Laporan wartawan sorotnews.co.id : Sugeng Tri. 

SURABAYA, JATIM – Setiap hari Jumat, halaman Kejaksaan Negeri (Kejari) Surabaya yang berlokasi di Jalan Raya Sukomanunggal Jaya No. 1, Surabaya, dipadati ribuan warga yang datang untuk mengambil surat tilang dan barang bukti pelanggaran lalu lintas.

Kondisi ini sudah menjadi rutinitas mingguan, mengingat Kejari Surabaya membawahi wilayah hukum yang meliputi sekitar 25 kecamatan di seluruh Kota Surabaya. Jumlah pengambil tilang pada hari Jumat bisa mencapai 2.000 orang lebih, belum termasuk jumlah warga yang mengurus tilang di wilayah Kejari Tanjung Perak.

Salah satu warga, Agus, yang terkena tilang karena tidak membawa Surat Izin Mengemudi (SIM) saat melintas di depan Kebun Binatang Surabaya, mengaku telah mengantre sejak pagi namun belum juga dipanggil hingga pukul 09.00 WIB.

“Saya dapat nomor antrean 300, tapi sampai sekarang belum dipanggil juga,” ujar Agus kepada wartawan, Jumat (8/8/2025).

Tilang yang diproses di Kejaksaan biasanya berasal dari opsi slip biru, yaitu ketika pelanggar memilih untuk tidak membayar denda di tempat. Dalam skema ini, surat tilang akan diajukan ke pengadilan, dan hasil sidangnya—berisi nominal denda dan keputusan lain—akan diteruskan ke kejaksaan untuk dieksekusi.

Masyarakat yang ingin mengambil kembali dokumen atau barang bukti, seperti SIM atau STNK, harus mendatangi Kejari setempat dan menunjukkan bukti tilang serta melakukan pembayaran denda sesuai putusan pengadilan.

Kejaksaan juga mengimbau masyarakat untuk berhati-hati terhadap modus penipuan yang mengatasnamakan tilang elektronik atau e-Tilang. Kejaksaan Agung telah menerima laporan adanya pesan singkat atau tautan mencurigakan yang dikirim ke masyarakat dan mengaku sebagai pihak kejaksaan atau penegak hukum.

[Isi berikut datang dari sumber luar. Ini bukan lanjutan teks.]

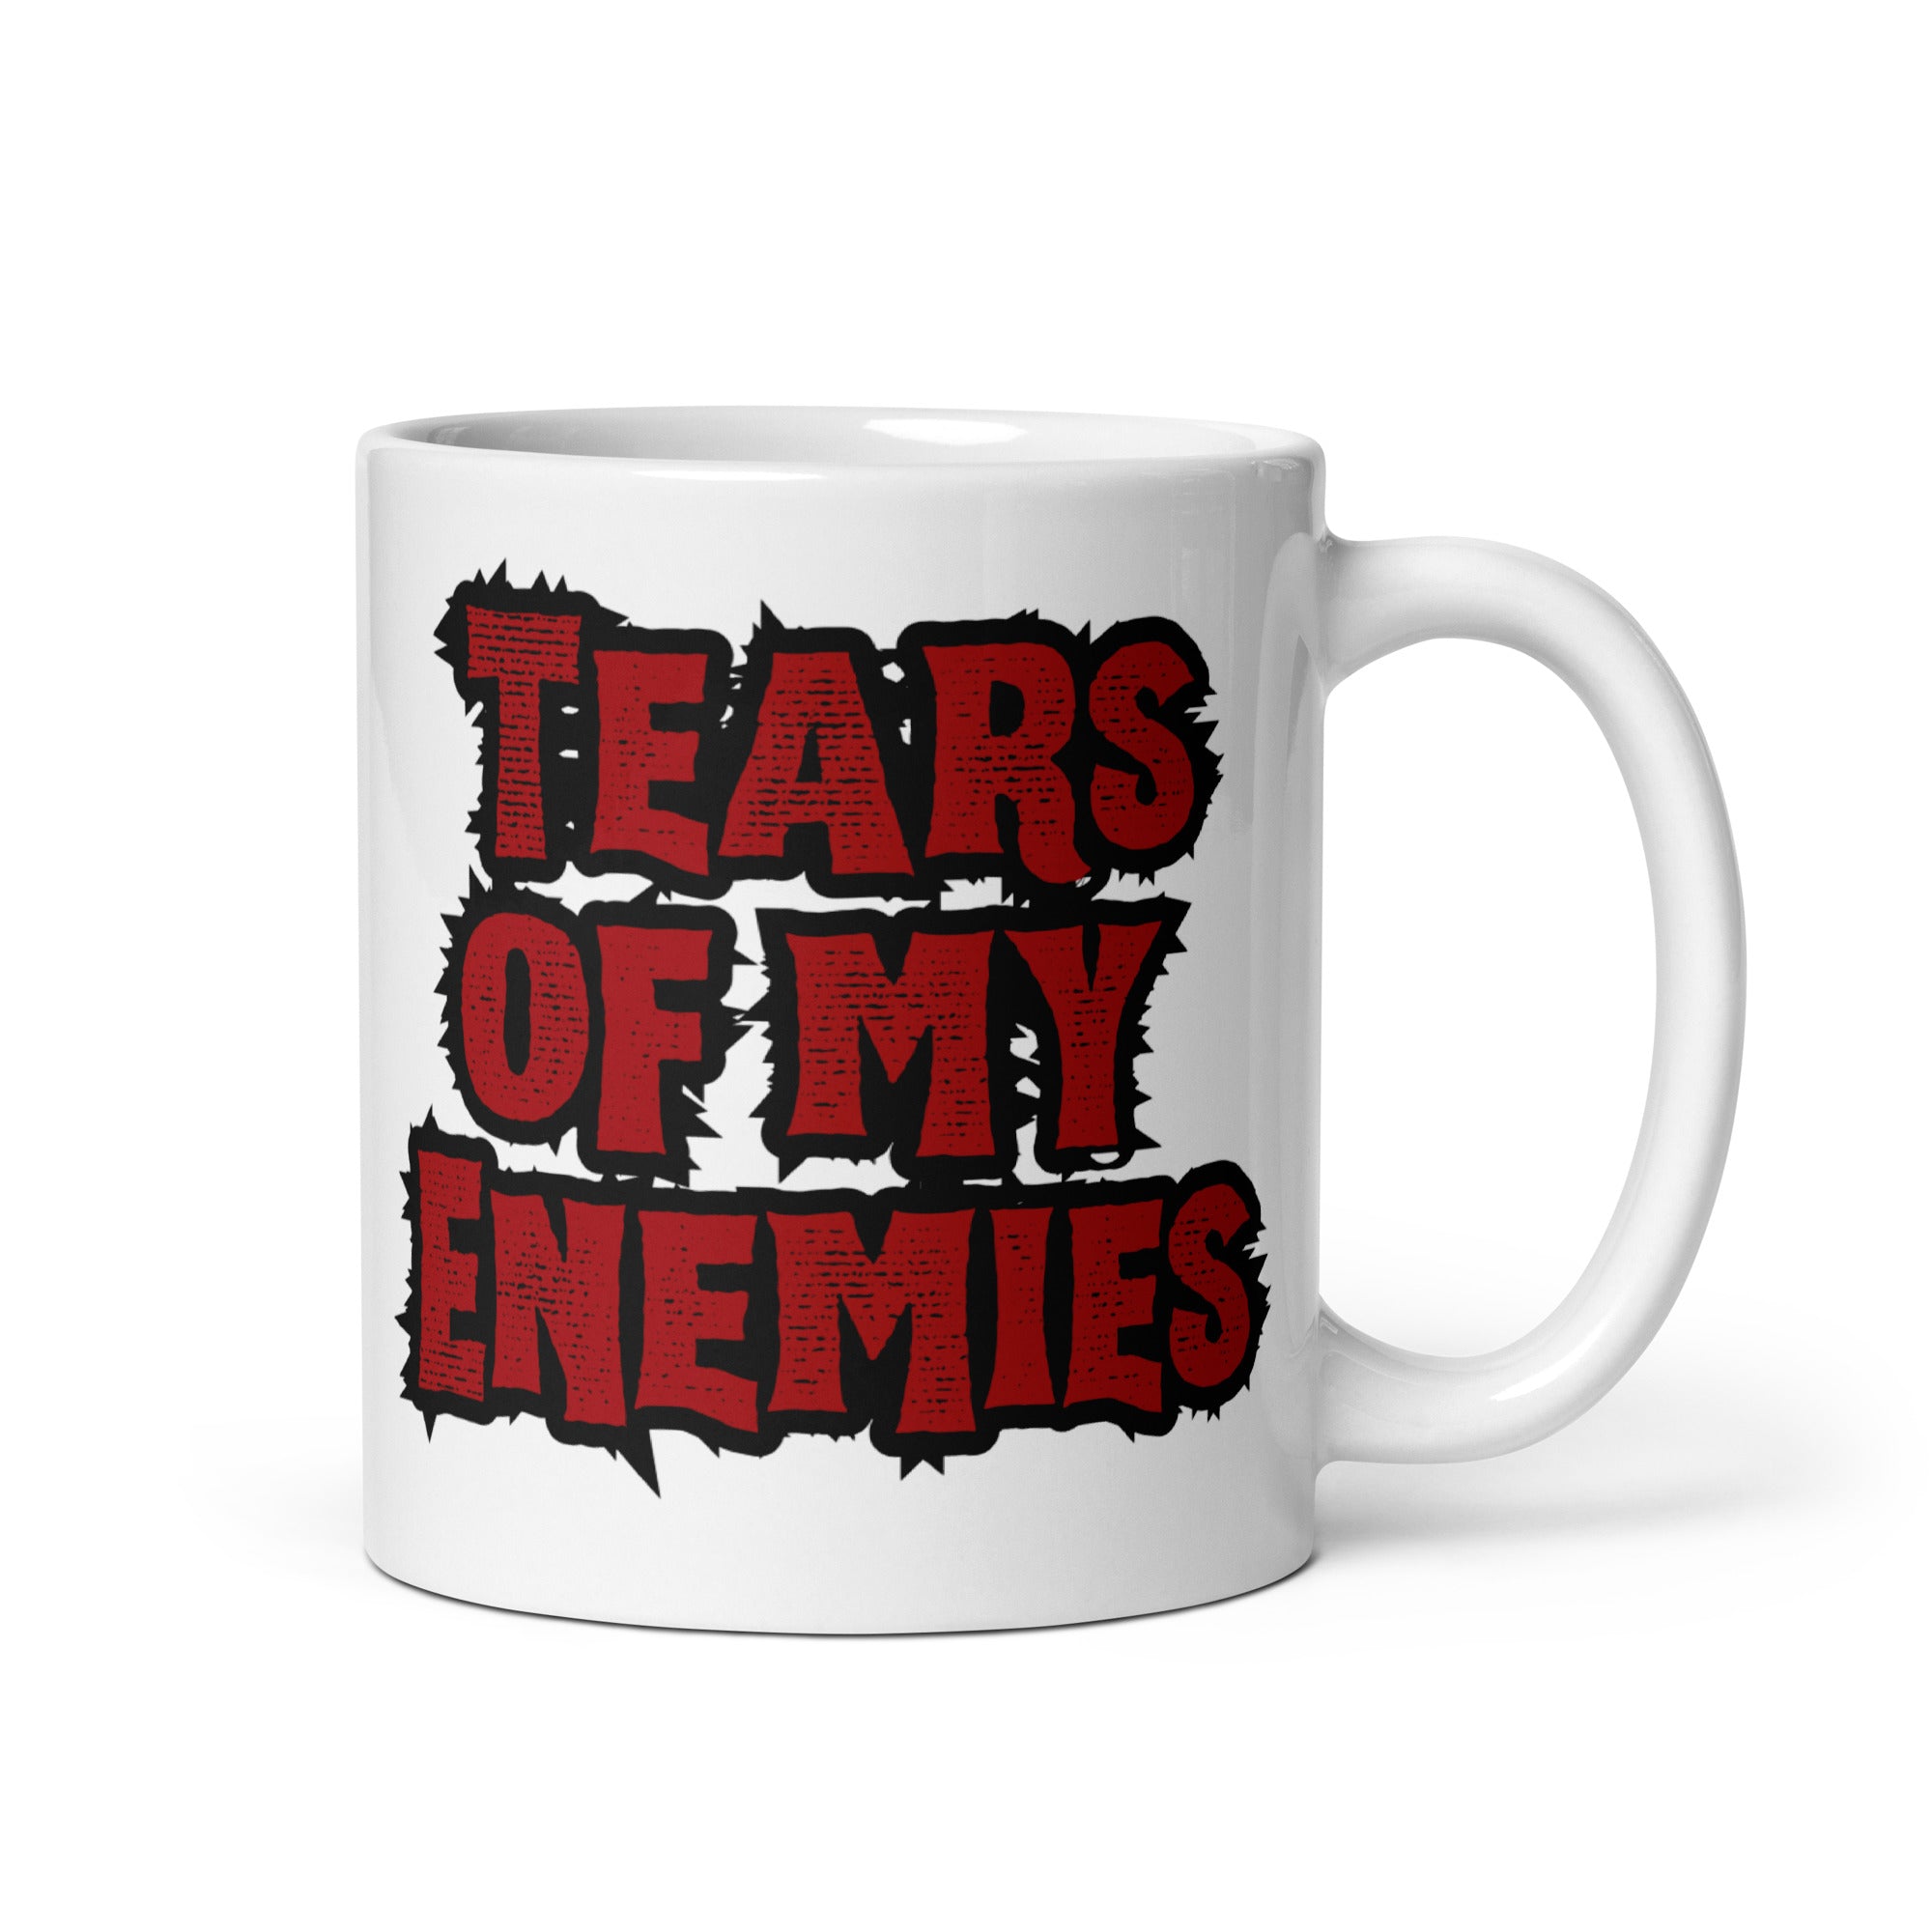 Tears of My Enemies - White Glossy Mug

“Perlu ditegaskan, Kejaksaan tidak pernah mengirimkan surat tilang, permintaan pembayaran, atau informasi perkara hukum melalui pesan singkat, WhatsApp, atau aplikasi perpesanan lainnya,” tegas pihak Kejaksaan RI dalam keterangannya.

Modus penipuan tersebut biasanya berupa tautan palsu yang jika diklik, dapat mencuri data pribadi atau mengarahkan korban untuk melakukan pembayaran tidak resmi.

Masyarakat yang menerima surat tilang dapat melakukan pengecekan status dan pembayaran denda melalui jalur resmi, antara lain : Datang langsung ke kantor kejaksaan tempat perkara ditangani; Melalui situs resmi e-Tilang Kejaksaan: https://tilang.kejaksaan.go.id; Menggunakan aplikasi e-Tilang yang tersedia di Google Play Store dan App Store; Transfer bank, sesuai dengan petunjuk resmi dalam surat tilang.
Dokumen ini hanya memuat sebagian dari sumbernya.